My dad and I were watching boxing on ESPN Classic. We were watching some historic fight and I was getting into it. At first I wasn’t really thinking about anything besides who I wanted to win, but about half way through the fight I started to wonder why boxing is a sport and then I wondered why people enjoy watching other people fight. I asked my dad why he thinks we find it entertaining and he replied, “cause that’s what it’s all about,” like the boxers were doing the chicken dance instead of beating each other. I asked him what he meant by that and he didn’t answer. He didn’t even know what to say. So why do we find entertainment in watching people get hurt? Why do we like to watch it? It is quite disgusting if you think about it. The question isn’t even limited to boxing. It can apply to things like gawking at an accident on the expressway or laughing at the people that get hurt on America’s Funniest Home Videos. Is it really in human nature to be entertained by seeing other people get hurt?
Halper and Muzzio agree that pain is entertaining. In their article, Hobbes in the City: Urban Dystopias in American Movies, they say that movies that present utopias are static and that a good movie presents a dystopia (Halper 379).
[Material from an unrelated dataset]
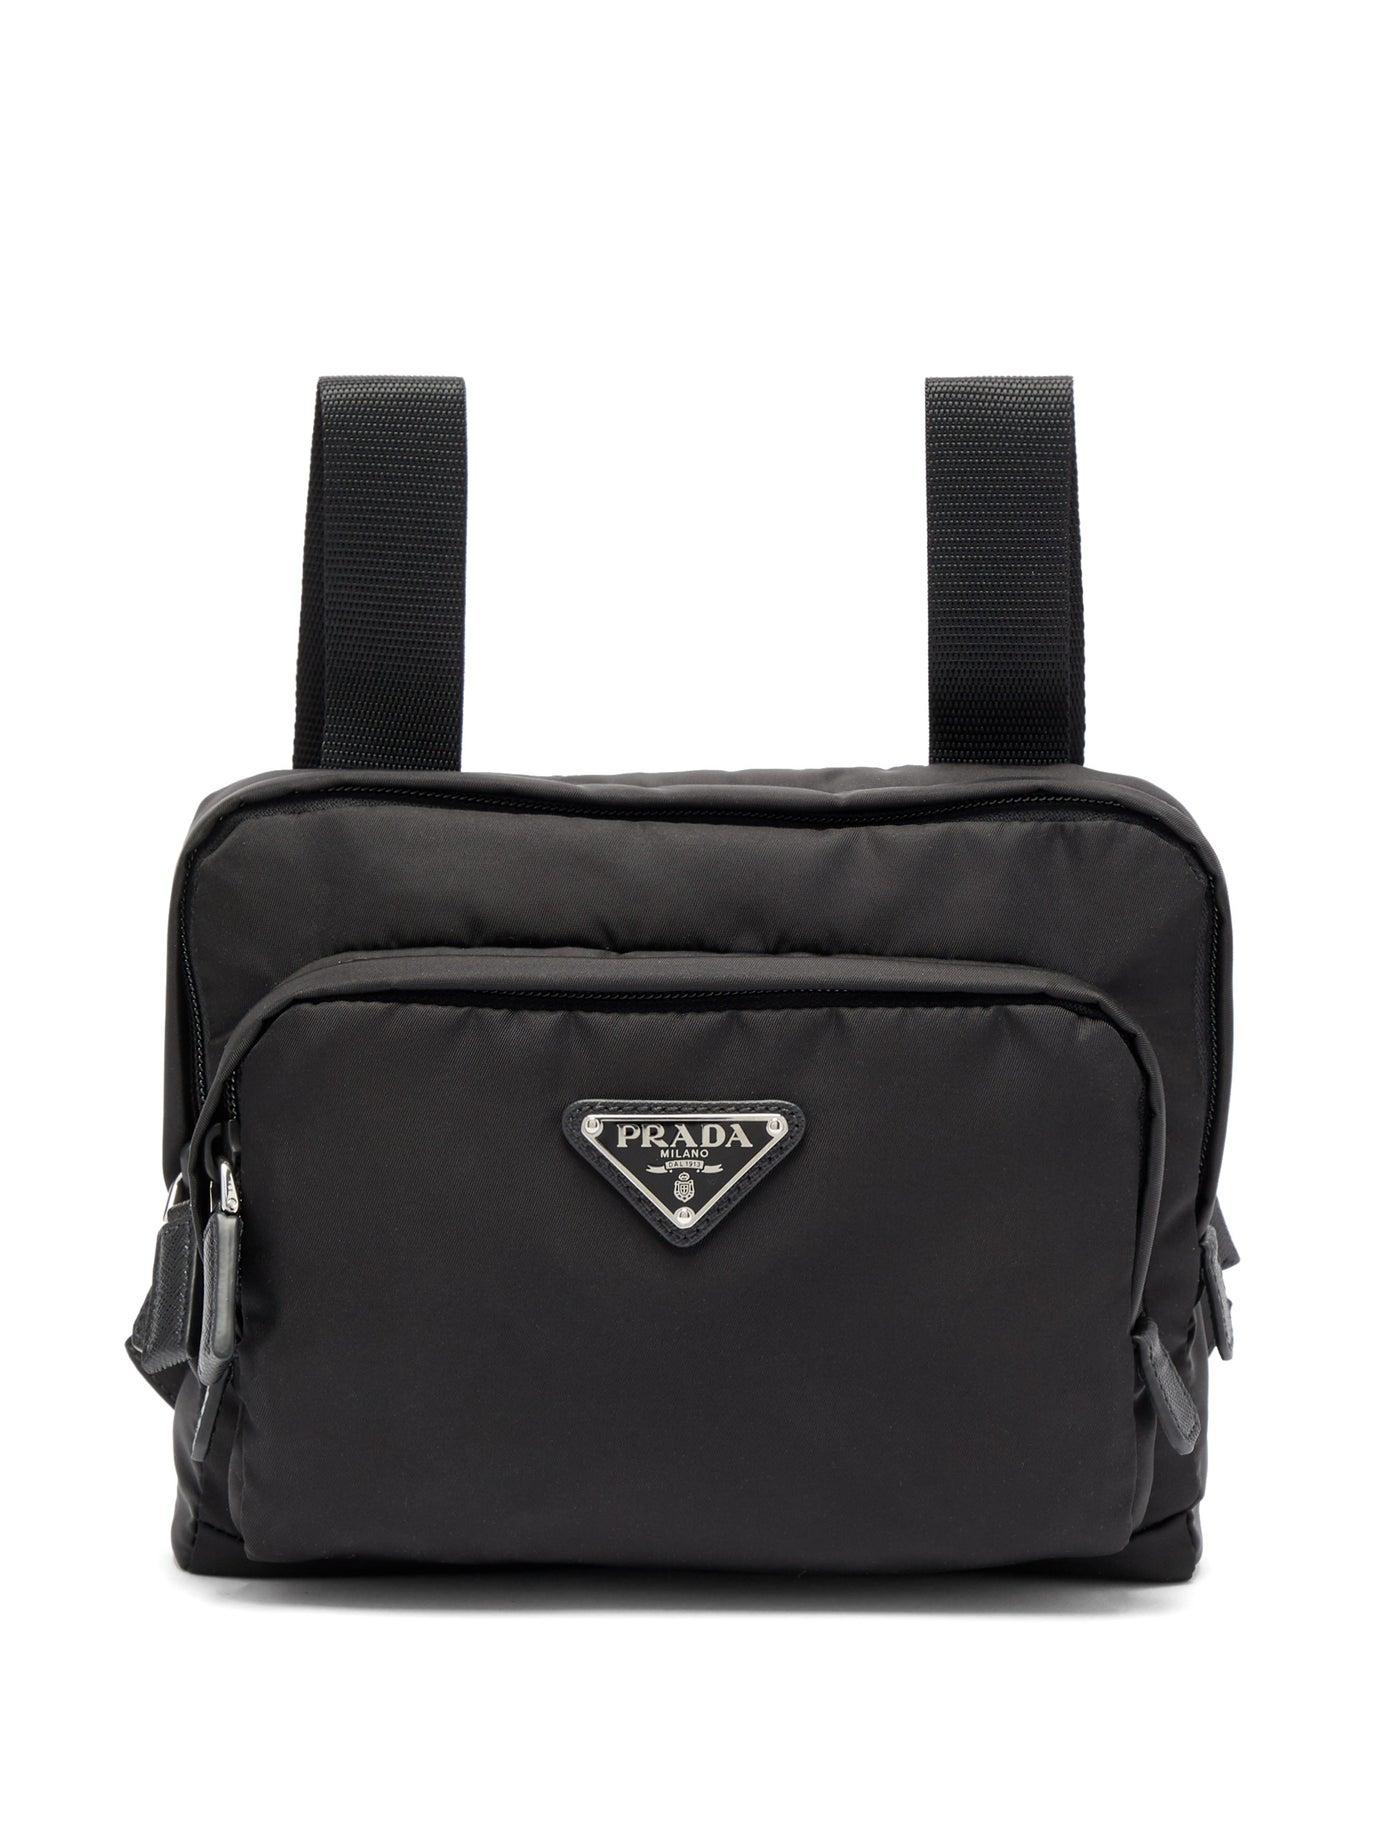 Prada Synthetic Harness Bag in Black for Men - Lyst

The article argues the idea that movies that are based in either a state of nature or a Leviathan are always the most entertaining (Halper 380). Chaos needs to be present, or an all-powerful sovereign needs to cause conflict. They didn’t list one movie that doesn’t involve people getting hurt. However, I think that most people would agree with their argument.
So why is it that we like these movies? We must really agree with a Hobbesian society or we are terrified of it. Maybe we are comparing these movies to ourselves because we are living in a similar way. We must be (or at least think we are) a Hobbesian society to be able to relate so much. We are terrified of living in a state of nature so we elect a Leviathan (as Hobbes proved). Our actual Leviathan may not be exactly the one Hobbes had in mind, but it is very similar.
Are we entertained by a state of nature because we fear it? Boxing is essentially a state of nature—knock somebody out or be knocked out; every man for himself. Do we like seeing other people get hurt because we like to see how people will react? Maybe we are subconsciously taking notes on how they react so if we ever find ourselves in a similar situation we will know what we want to do. If we do everything out of self interest like Hobbes proposes, then this isn’t too far fetched. Maybe we are in denial if we believe that people do good things out of the goodness of their heart. We get the most entertainment out of people getting hurt, so why would our intentions be out of the goodness of our hearts? Maybe we like to see people hurt because it makes us feel better about ourselves, knowing that there is somebody out there who is feeling worse. It may sound terrible but maybe it is true. What do you think?
Halper, Thomas, and Douglas Muzzio. “Hobbes in the City: Urban Dystopias in American Movies.” The Journal of American Culture 30, no. 4 (2007): 379-390.